Résultats 2017 S1 : Munich Re confirme ses prévisions pour 2017

Le géant allemand de la réassurance Munich Re a jugé mercredi « réaliste » la fin de l’érosion de son bénéfice net en 2017 et dit espérer une amélioration progressive ces prochaines années.

Au terme d’un deuxième trimestre en repli mais meilleur que prévu, le groupe bavarois a confirmé sa prévision annuelle de résultat net, qui doit se situer dans une fourchette comprise entre 2,0 et 2,4 milliards d’années. Or, le niveau était d’au moins 3 milliards d’euros durant les années passées jusqu’en 2015 avant de chuter à partir de 2016, dans la foulée de deux éléments persistants, à savoir les taux d’intérêt faibles et le manque de pression sur les prix des primes de réassurance.

« Ces facteurs d’influence sur le résultat sont hors du contrôle de quelque stratégie d’entreprise que ce soit », a expliqué lors d’une conférence de presse Joachim Wenning, nouveau patron du groupe de réassurance. Munich Re se dit toutefois en mesure de compenser ces éléments perturbants. « La stabilisation du résultat au niveau 2017 nous semble réaliste et une amélioration pas à pas est visée les années à venir », a déclaré le dirigeant, sans se livrer à un chiffrage précis.

Pour parvenir à ses fins, Munich Re compte sur le redressement en bonne voie d’Ergo, sa filiale dans l’assurance, dont la performance devrait s’améliorer de 100 à 150 millions d’euros d’année en année. Et dans la réassurance, en dépit d’un « marché mou », il s’agit de saisir les affaires présentant un bon rapport entre le risque et le profit attendu, a expliqué M. Wenning, alors que Munich Re est réputé prudent avec les affaires lui semblant trop risquées. Grâce à de moindres remboursements en termes de catastrophes naturelles, le groupe allemand, dont le coeur de métier est d’épauler les assureurs contre les risques qu’ils encourent, a enregistré un bénéfice net de 733 millions d’euros au deuxième trimestre, en baisse de 25% sur un an mais meilleur que les 685 millions attendus par les analystes.

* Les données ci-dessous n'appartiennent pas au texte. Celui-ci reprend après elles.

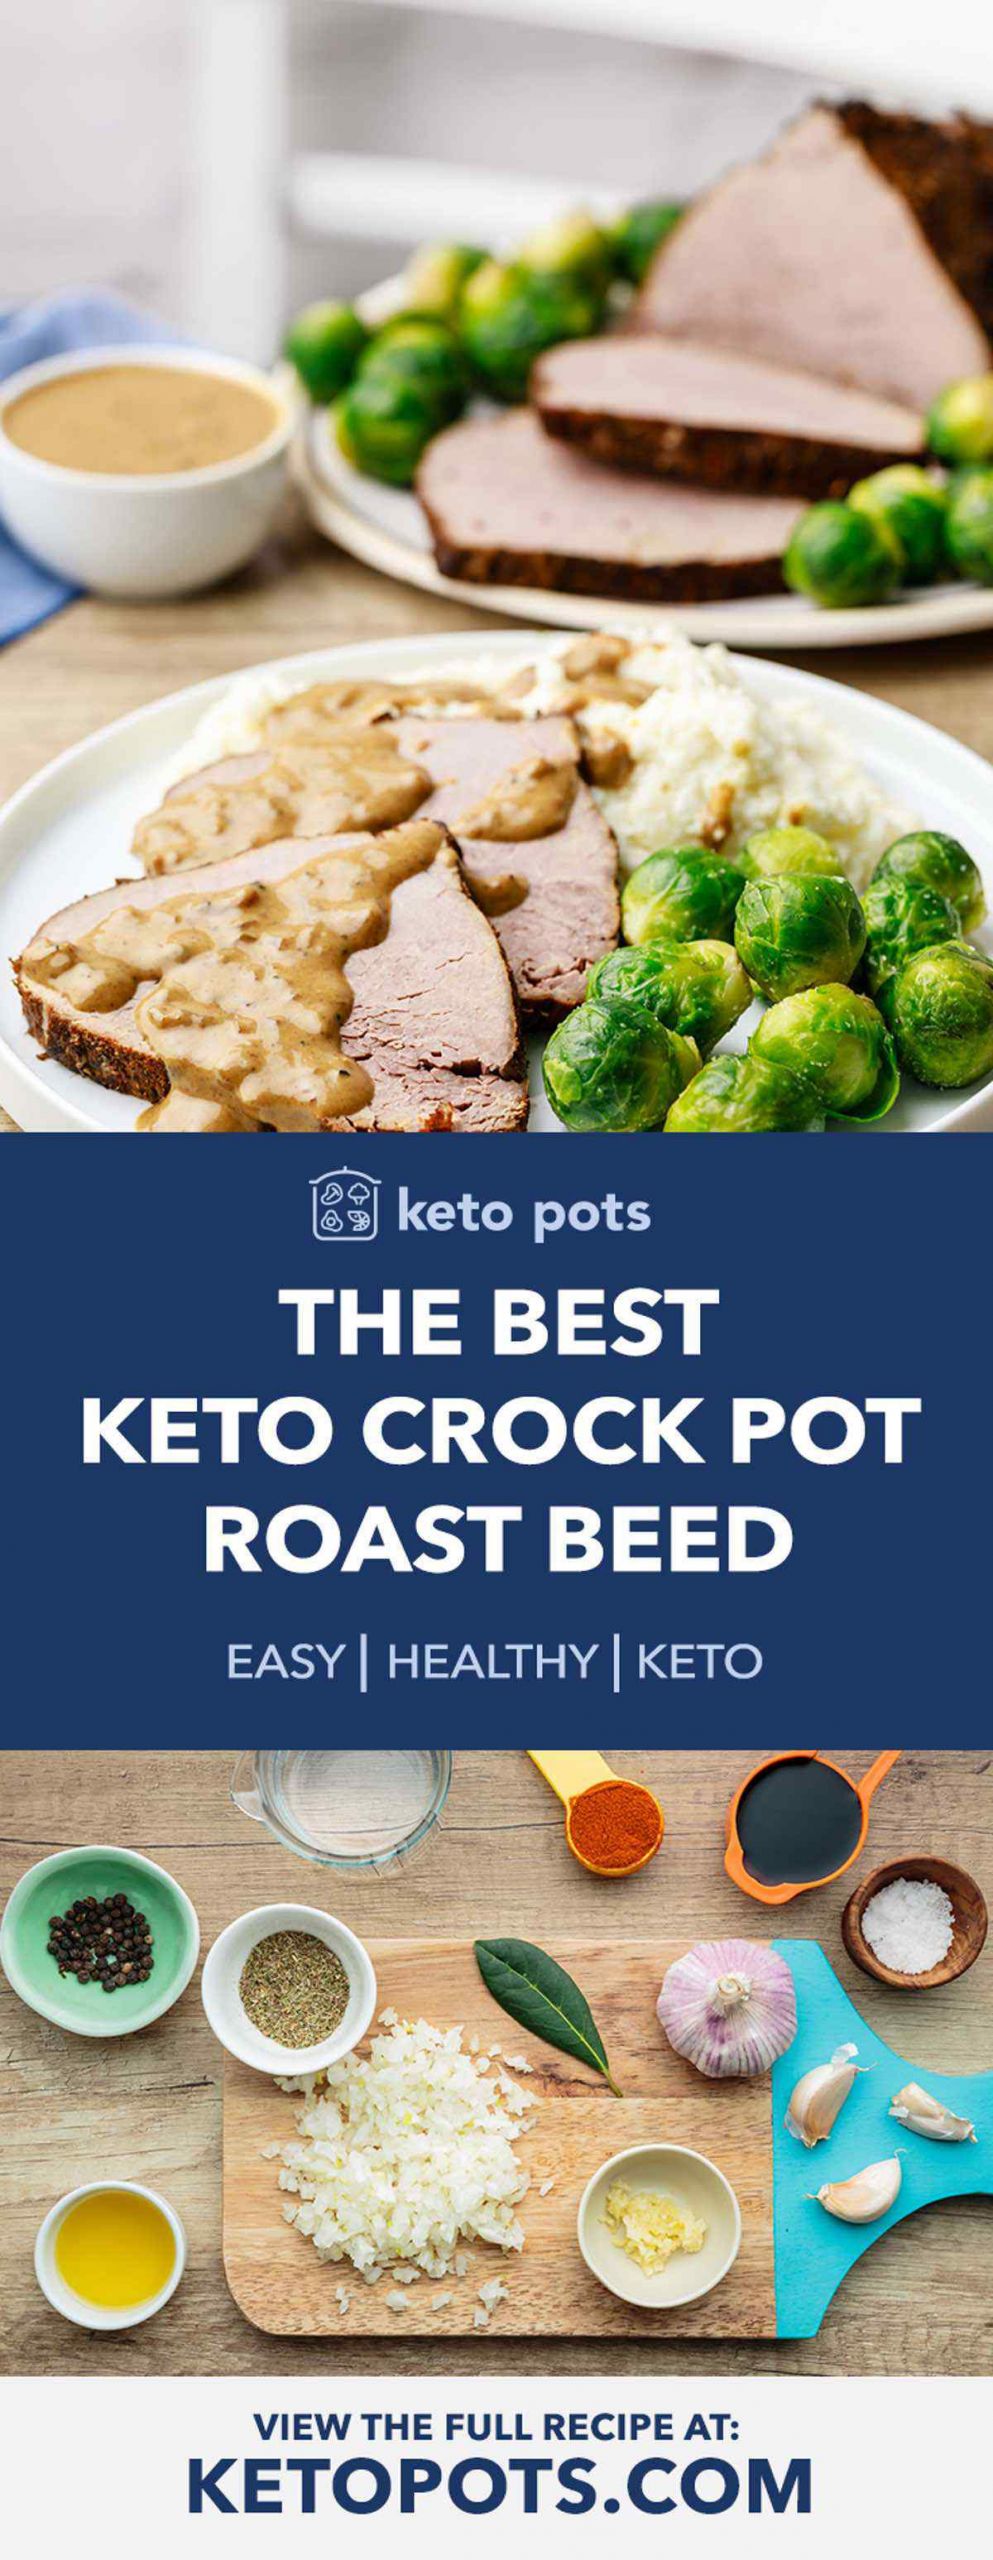 Crockpot Keto Roast
 The Most Tender Crockpot Roast Beef Ever Makes the Best

En particulier, les recettes du groupe ont été soutenues par un résultat sur les placements financiers élevé et une charge liée aux grands dommages inférieure à la moyenne. Le groupe a cependant pâti du renchérissement de l’euro. Les pertes liées aux seules catastrophes naturelles se sont réduites à 66 millions sur le trimestre, après 335 millions un an plus tôt. Le dommage le plus coûteux au deuxième trimestre a été une violente tempête début mai aux Etats-Unis, a indiqué Munich Re.

« La prévision pour 2017 penche probablement du côté de la prudence après le bon résultat du second trimestre », estimait Thorsten Wenzel, analyste chez DZ Bank. Le bénéfice net a atteint 1,3 milliard d’euros après six mois, mais pas question d’espérer la même performance sur la seconde partie de l’année, d’expérience davantage marquée par les catastrophes climatiques (ouragans, cyclones, etc), a prévenu le directeur financier Jörg Schneider.